Воздух в комнате был затхлый, Изгарду показалось, что он чувствует даже запах мочи, как от оставленного за шкафом ночного горшка или от описанной ночью постели. Обычно Изгард не обращал внимания на такие вещи: в этой огромной и холодной крепости после наступления темноты люди справляли нужду где попало, не утруждая себя поисками отхожего места. Но Эдериус — дело другое. В прошлом — монах с Острова Посвященных, он вынес оттуда привычку к чистоте и всегда старался и себя, и свою комнату содержать в порядке. Но сегодня и писец, и скрипторий выглядели ужасно неряшливо. Кроме того, хотя было уже за полдень, Эдериус открыл лишь одно из нескольких окон.

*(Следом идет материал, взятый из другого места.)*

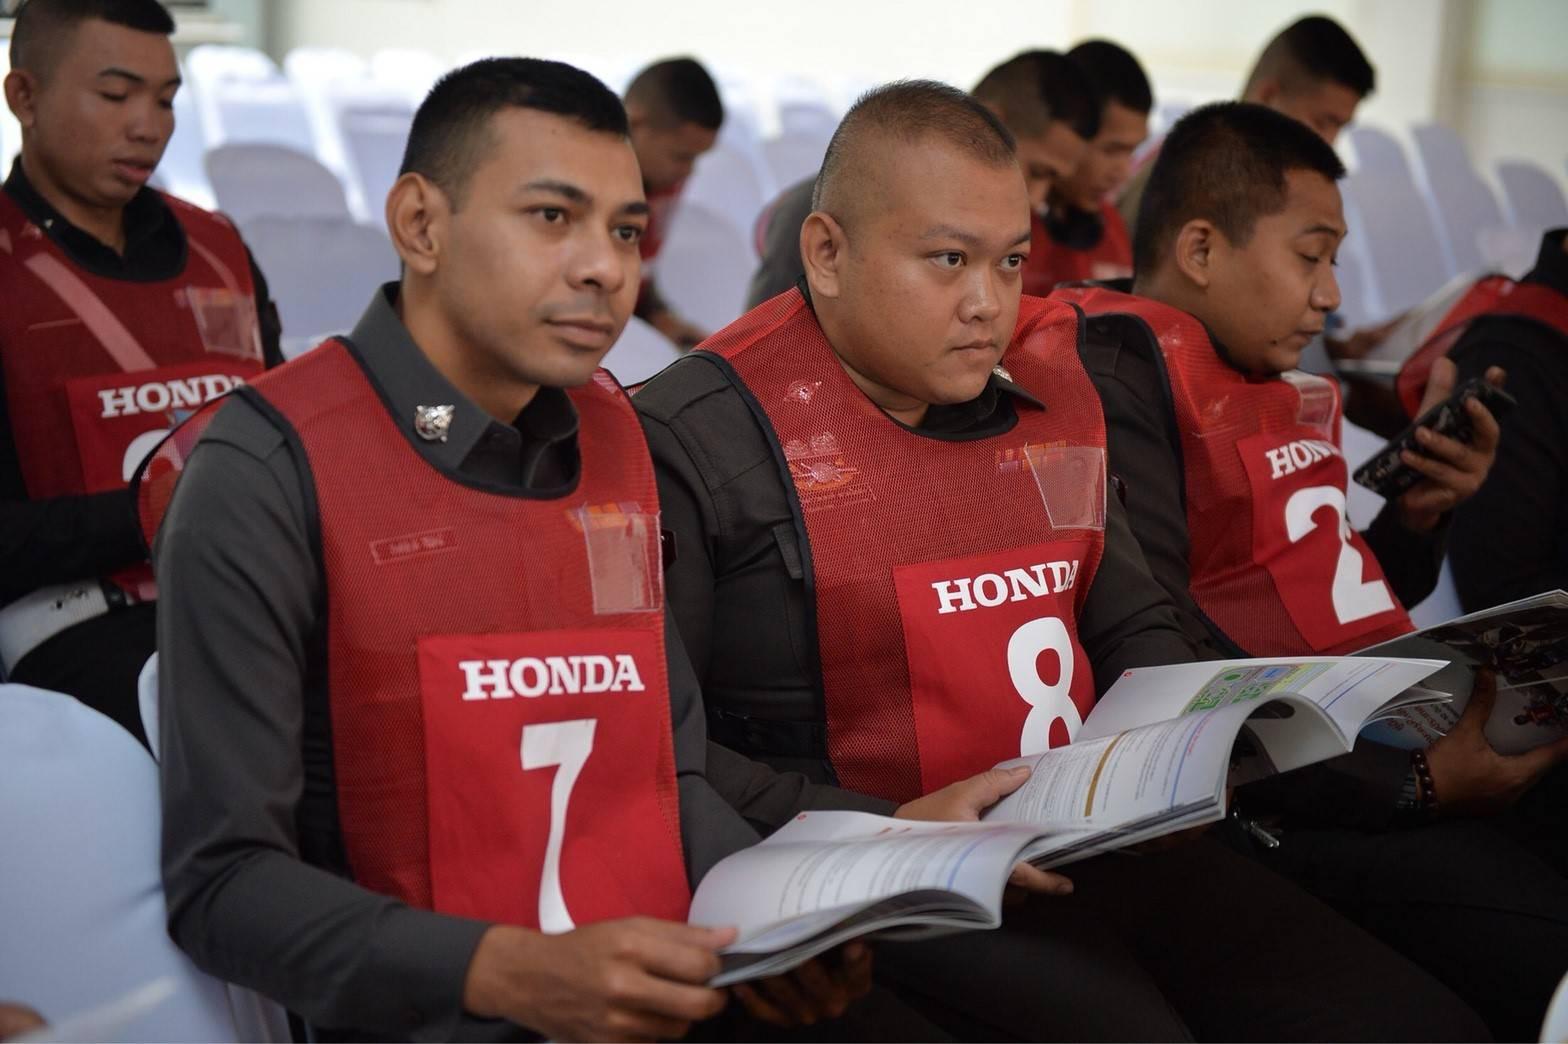 Honda-Motorcycle-มอเตอร์ไซค์-ฮอนด้า-20180315-ข่าวประชาสัมพันธ์-csrsafetypolice
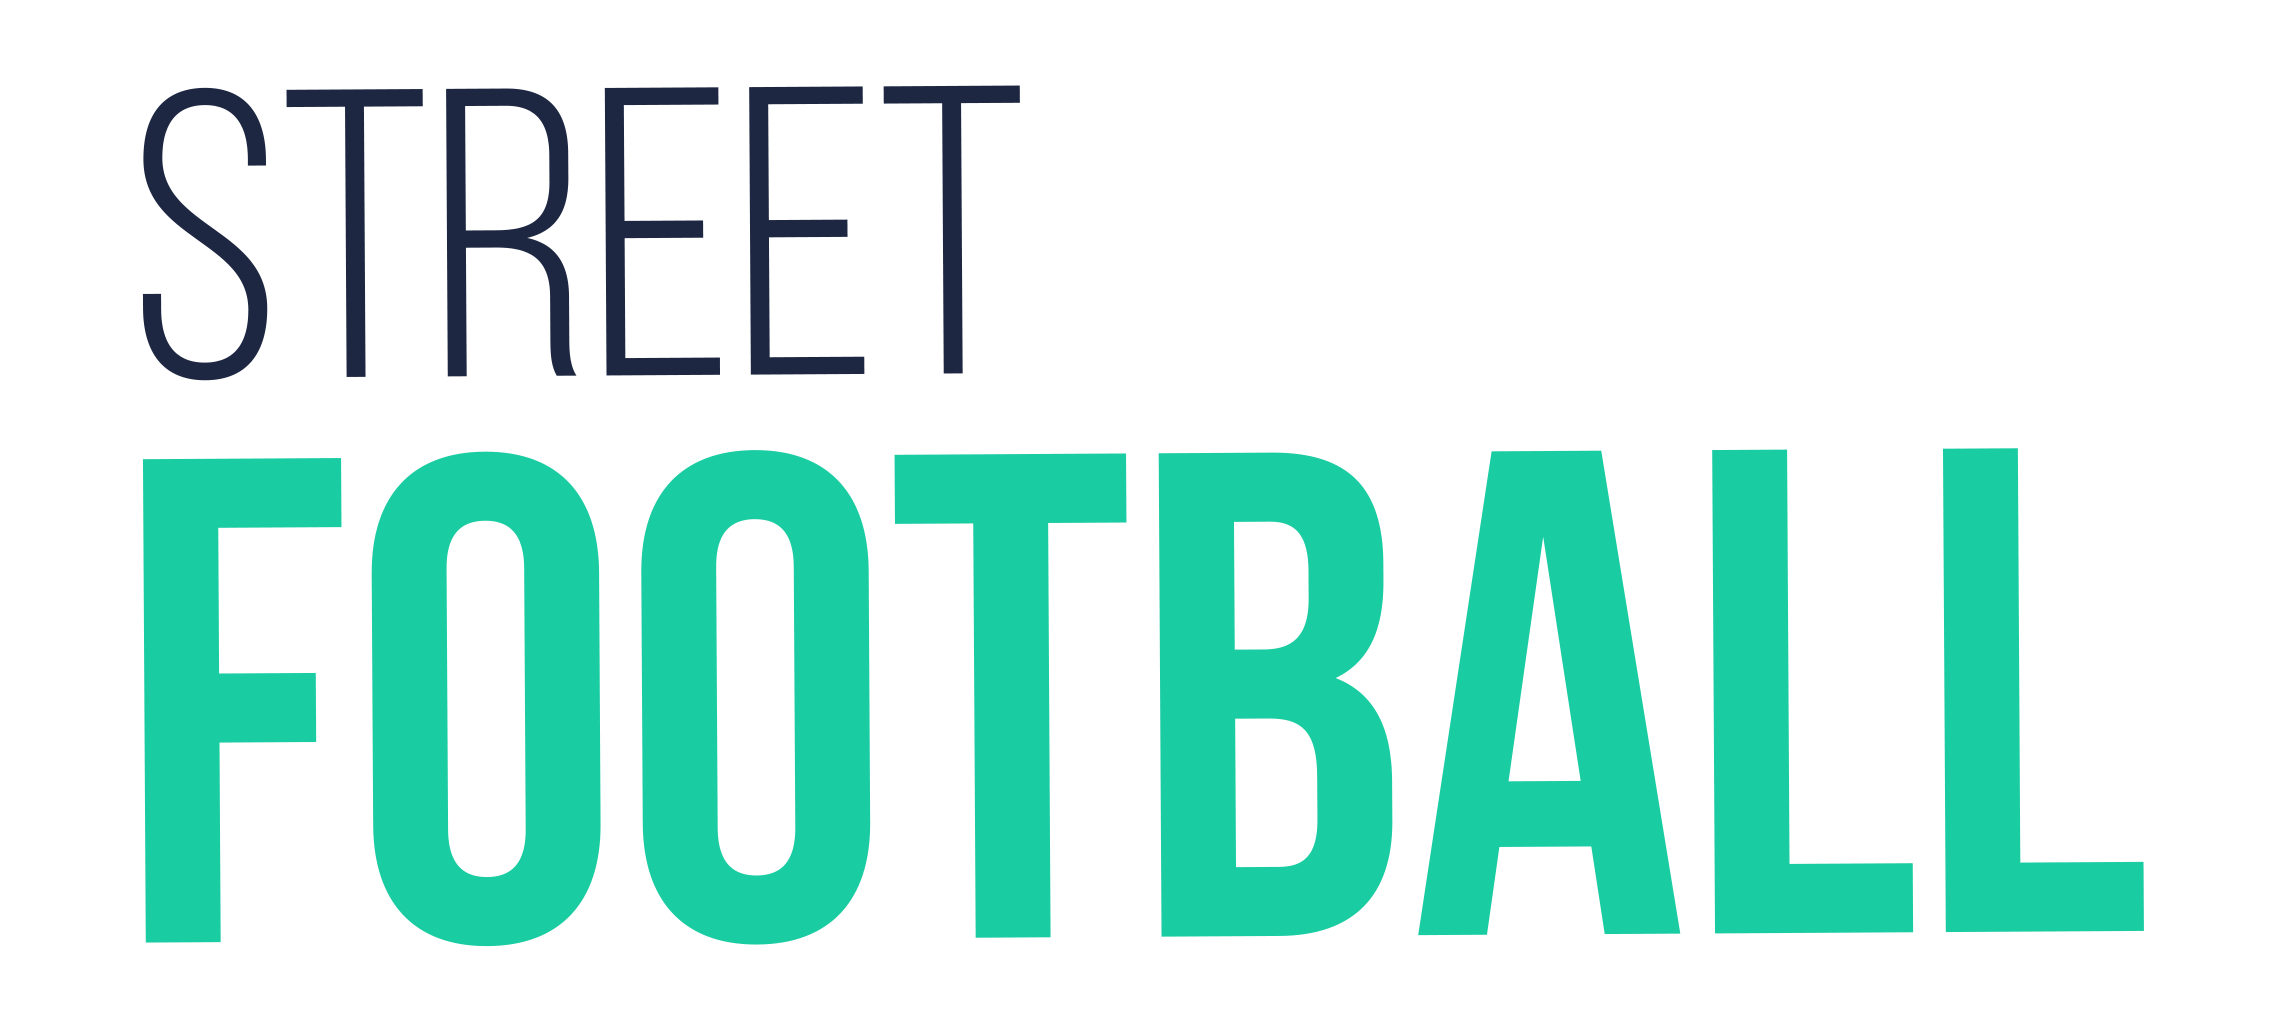 Streetfootball

Небо над горами было затянуто пухлыми белыми облаками. Дул сильный ветер, солнце то и дело заволакивало тучами, и тогда комната на несколько минут погружалась в серый полумрак. Но только что ветер как раз разогнал тучи и луч солнца упал на Эдериуса, его стол, горшочки с красителями, кисти, перья и неоконченные работы. Изгард внимательнее взглянул на руки узорщика. Пятна на них были не такие, как ему показалось сначала. Пурпурный цвет получился из сочетания красного и синего. Синий цвет наложился на красный, придав ему новый оттенок. Кожа на руках Эдериуса была покрыта болячками и шелушилась, точно писец сначала пытался стереть красную краску, а отчаявшись, попытался замаскировать ее синим цветом.

Изгард возбужденно облизнул губы. Он и сам не понимал, почему так разволновался. Он встал так, чтобы солнечные лучи падали прямо на него, а тень ложилась на писца и его стол, и прошептал:

— Покажи мне узор, который ты нарисовал вчера.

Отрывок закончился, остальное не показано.